**What to do:** Given the material below, return only the lines starting at the line with "ecommerce online reviews" and ending at the line with "cartaz_festival_cinema_guerra_elvas_190214", exactly as they appear.

**Records for the exercise:**

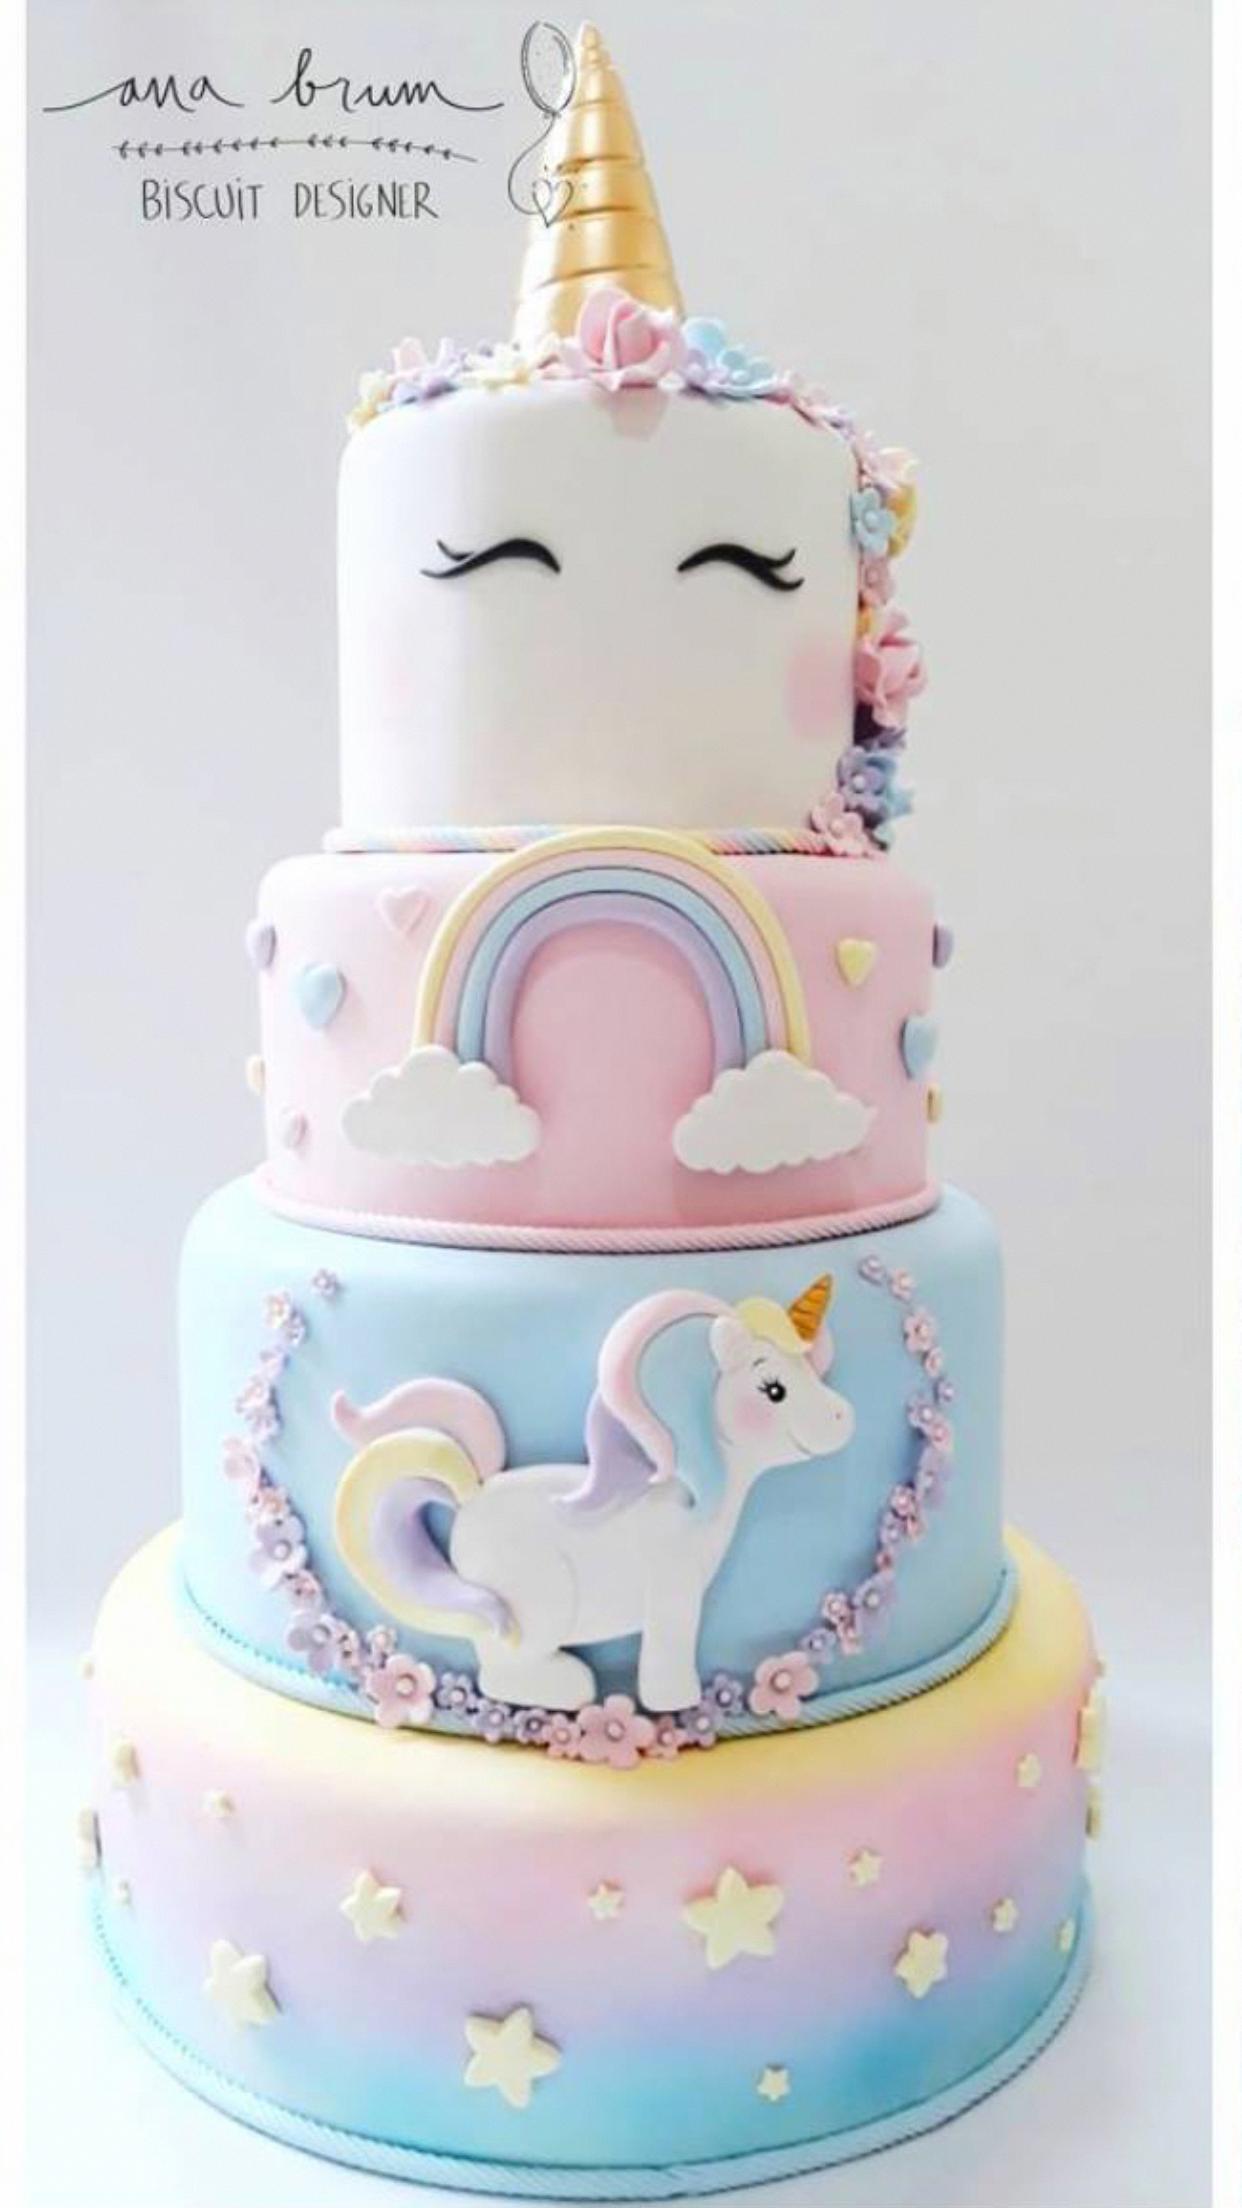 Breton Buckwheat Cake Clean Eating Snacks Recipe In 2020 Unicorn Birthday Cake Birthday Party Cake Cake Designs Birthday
---
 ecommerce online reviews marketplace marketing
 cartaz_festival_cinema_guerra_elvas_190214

**Your solution:**
 ecommerce online reviews marketplace marketing
 cartaz_festival_cinema_guerra_elvas_190214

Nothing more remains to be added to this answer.